What made her response powerful was not outrage alone.
It was clarity.
Yes, she accepted the apology.
But she refused to accept the underlying message that her face required correction in order to deserve respect.
That distinction matters enormously.
Because Hollywood has historically trained women to treat uniqueness as a temporary problem waiting to be fixed:
straighten this,
whiten that,
reshape this,
smooth that,
become more symmetrical,
more polished,
more universally marketable.
Many actors comply not because they are shallow, but because the industry quietly pressures conformity at every level.
Producers talk about “commercial appeal.”
Agents mention “image.”
Studios discuss “accessibility.”
Underneath all those euphemisms often sits the same expectation:
be beautiful in ways audiences already understand immediately.
By refusing to “fix” her teeth, she challenged something larger than cosmetic standards.
She challenged the idea that success requires erasing visible individuality.

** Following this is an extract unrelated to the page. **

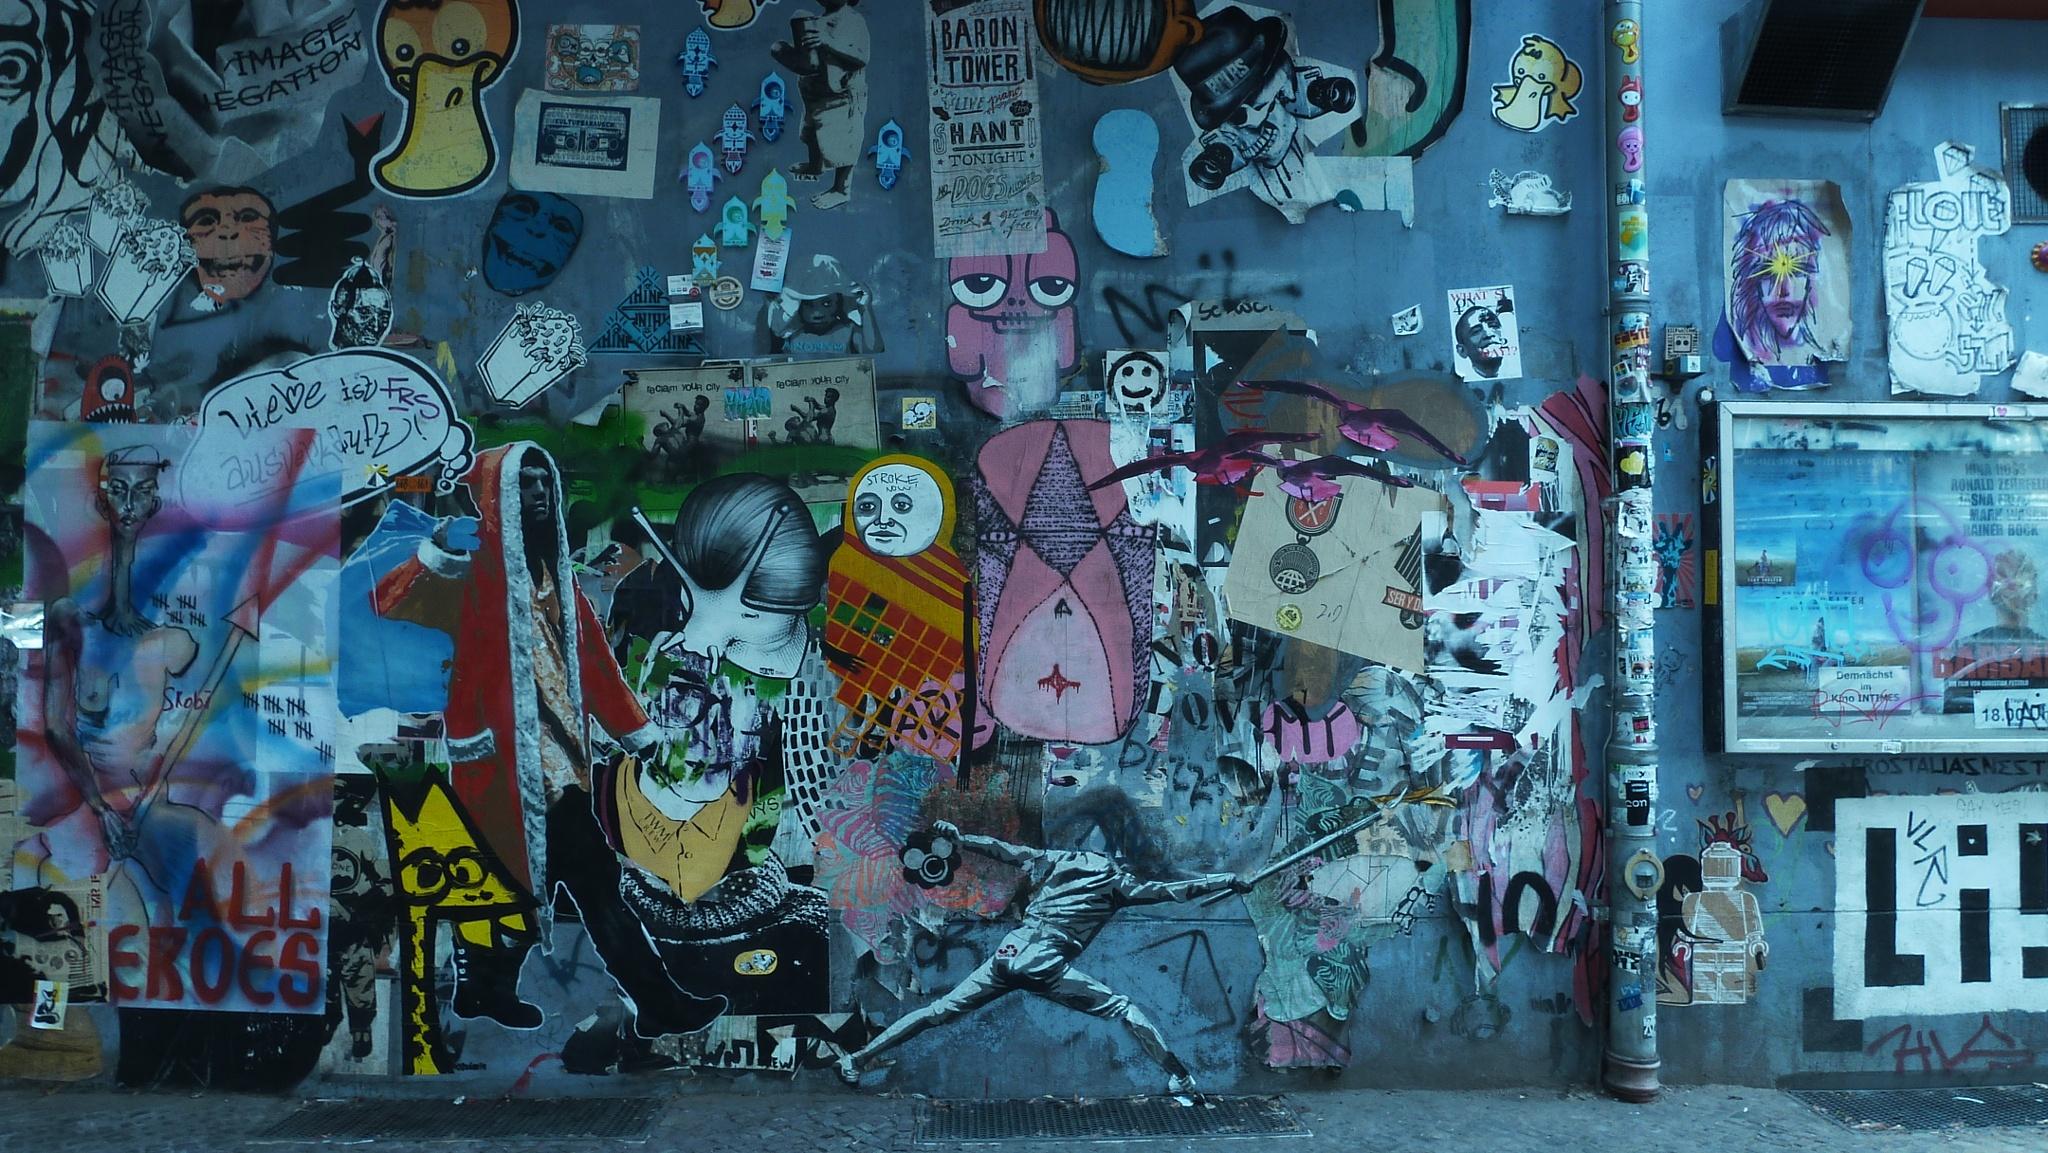 Berlin by FredWillem

And that decision resonated deeply with people precisely because so many audiences are exhausted by manufactured perfection.
Modern celebrity culture creates impossible contradictions:
be authentic,
but flawless;
be relatable,
but aspirational;
be unique,
but never too unusual.
Her refusal disrupted that system.
Suddenly, people saw someone becoming globally successful while visibly remaining herself.
That visibility matters more than many realize — especially for younger viewers carrying their own insecurities quietly.
A teenager bullied for braces,
a child embarrassed by freckles,
someone hiding their laugh,
someone convinced one physical feature makes them fundamentally unacceptable.
Seeing a successful woman refuse alteration sends a powerful message:
difference is not disqualification.
And perhaps what makes her story emotionally compelling is that she did not arrive at self-acceptance through sudden confidence.
She fought toward it gradually.
Pain first.
Then hiding.
Then performance.
Then understanding.
Then public scrutiny.
Then resistance.
That progression feels human.
Because real confidence rarely appears magically.
It is usually built painfully through repeated decisions not to disappear.
And disappearing would have been easy for her.
She could have altered herself physically to silence critics.
Could have reshaped her image around Hollywood expectations.
Could have treated uniqueness as a liability.
Instead, she made a different choice:
to remain recognizable to herself.
That may ultimately be the deepest reason audiences connect to her story.
Not because she is perfect.
Because she visibly survived years spent believing she was unacceptable and still refused to erase the evidence of who she is.
In a culture obsessed with correction, that becomes its own kind of rebellion.
And perhaps that is why the conversation around her teeth eventually changed.
At first, people treated them like a flaw.
Now many people see them differently:
not as imperfection,
but as identity.
A reminder that some of the things society pressures people to hide are often the exact things that make them unforgettable.
By the time The White Lotus arrived, she no longer seemed like someone apologizing for existing differently.
She looked like someone finally understanding that visibility itself can become power.
Not despite the parts of herself she once hated.
Because she stopped trying to erase them.